• [WHAT TO PRODUCE] Output the listing exactly as written, apart from its pictures.

• [THE DATA]
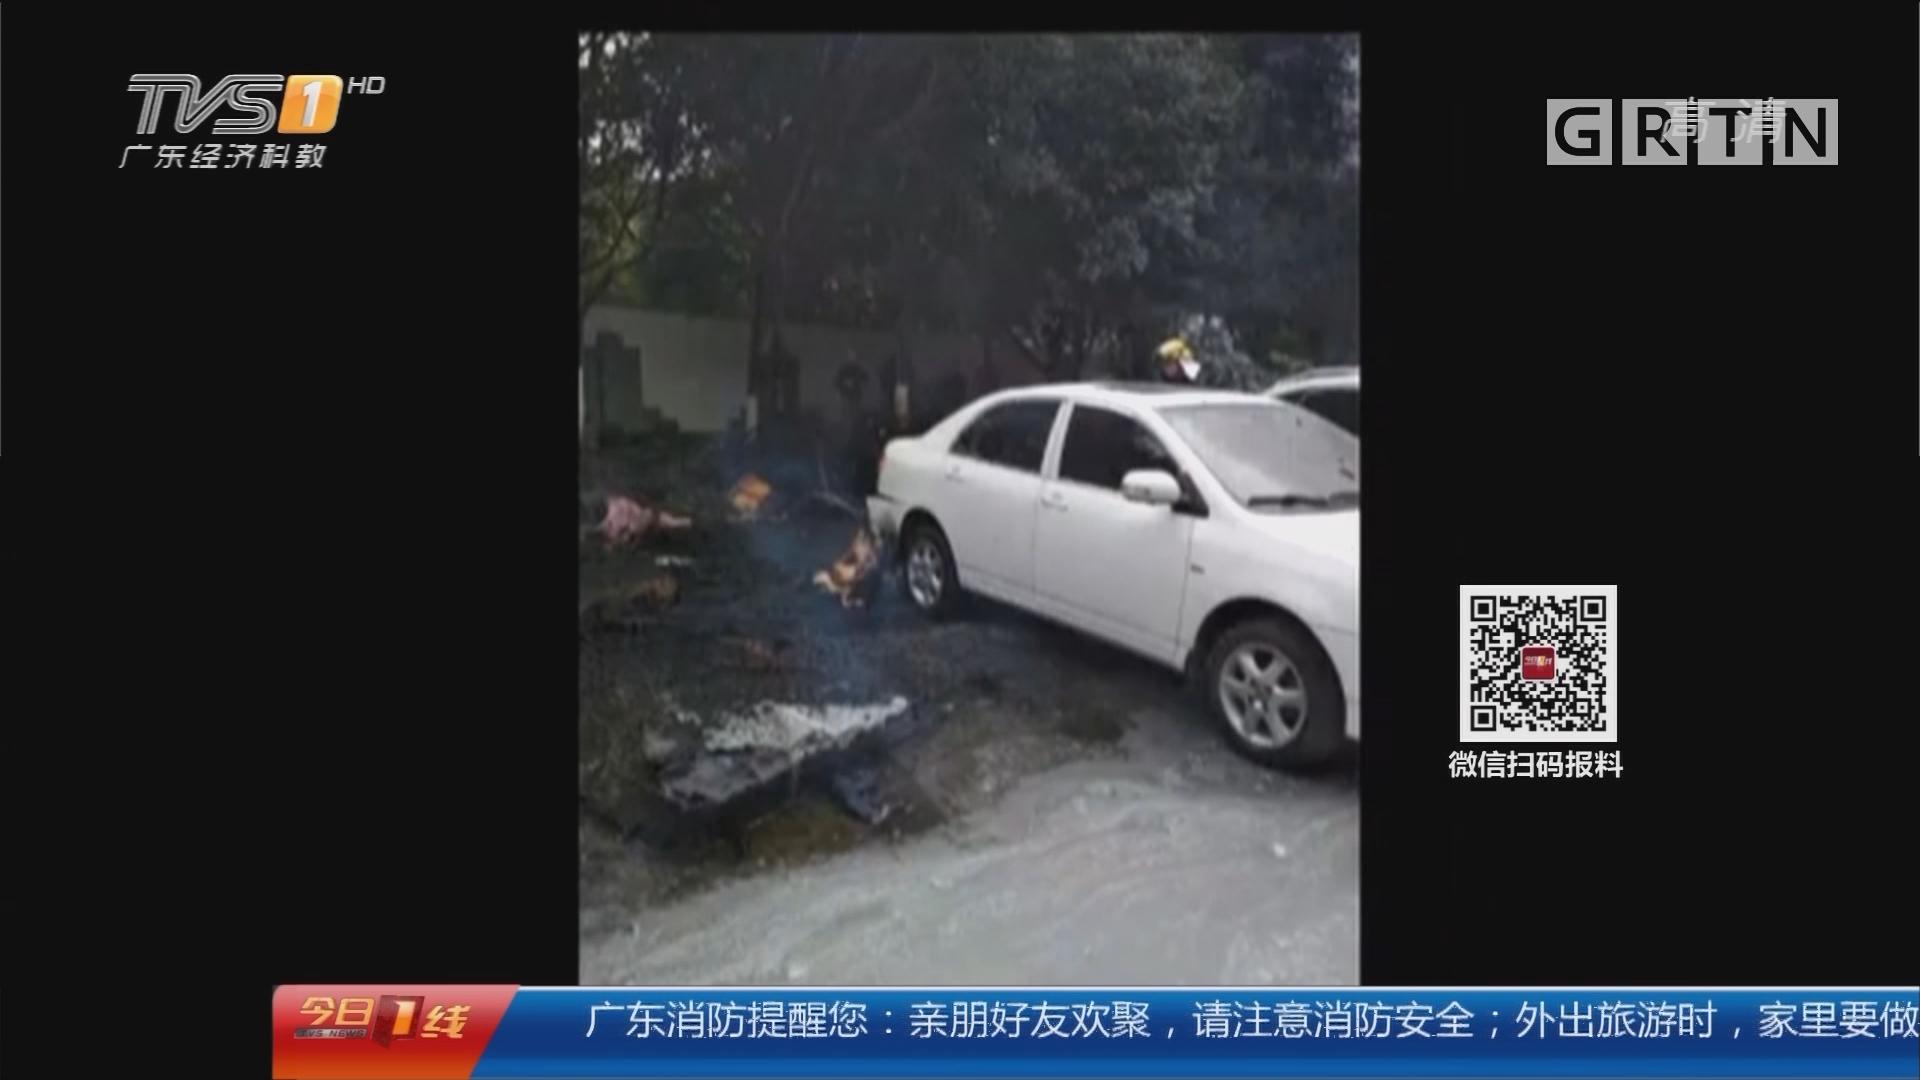 成都 熊孩子玩火烧五辆车 家长:不赔
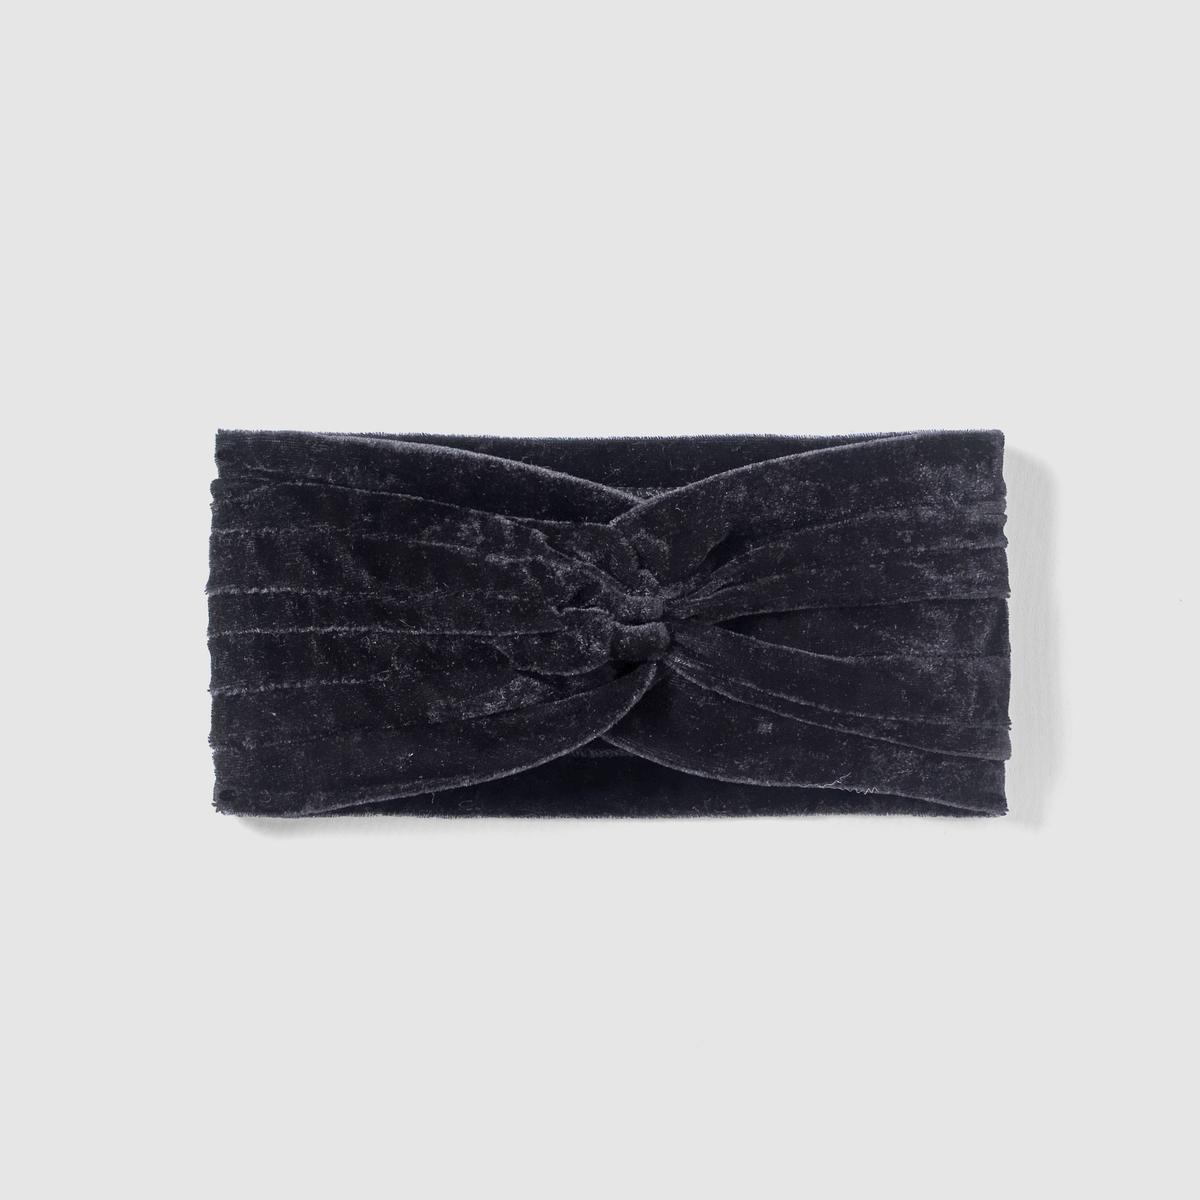 Повязка из велюраПовязка из велюра от mademoiselle R.Материал : 100% текстиль с бархатным эффектом.Размеры. : 24 x 8 см . Модный аксессуар под велюр, женственный и изысканный в любое время года .<br><br>Цвет: черный
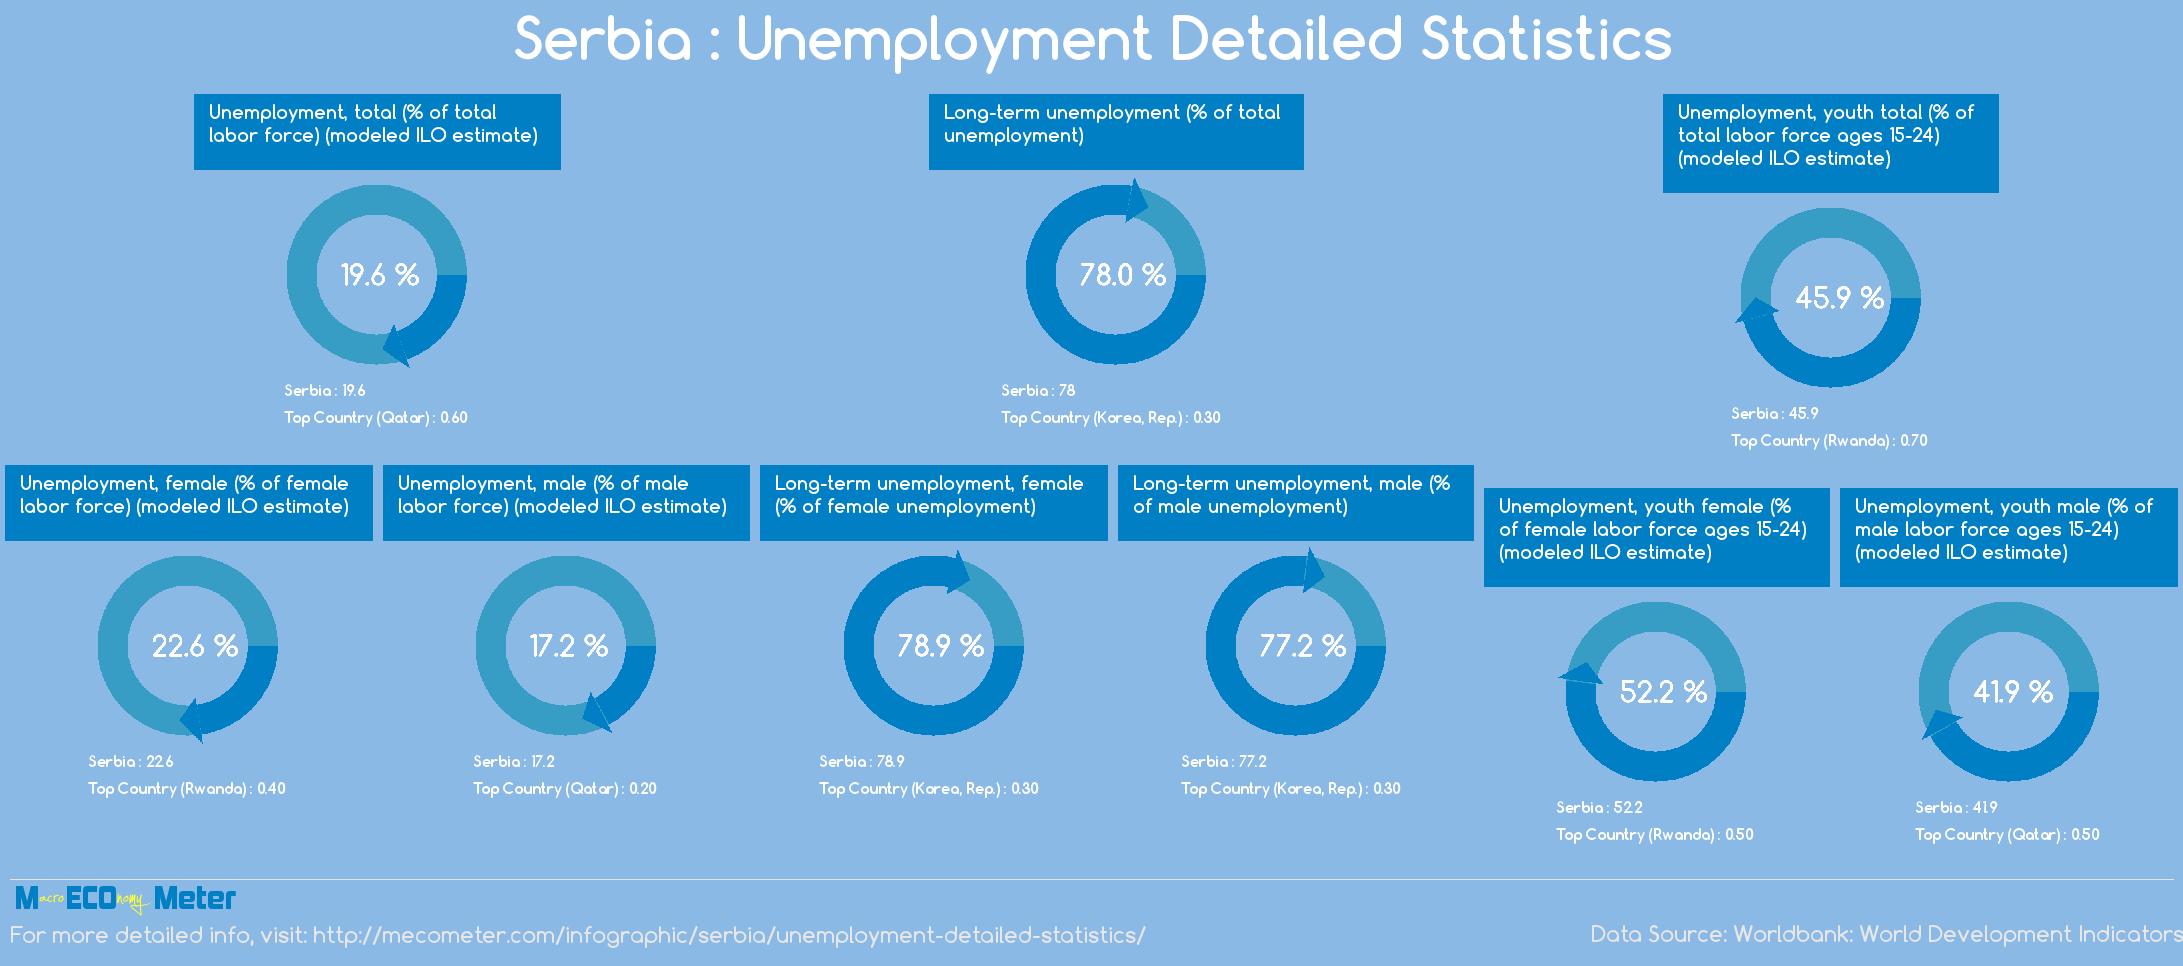 Serbia : Unemployment Detailed Statistics

• [EXERCISE ANSWER]
 成都 熊孩子玩火烧五辆车 家长:不赔
 Повязка из велюраПовязка из велюра от mademoiselle R.Материал : 100% текстиль с бархатным эффектом.Размеры. : 24 x 8 см . Модный аксессуар под велюр, женственный и изысканный в любое время года .<br><br>Цвет: черный
 Serbia : Unemployment Detailed Statistics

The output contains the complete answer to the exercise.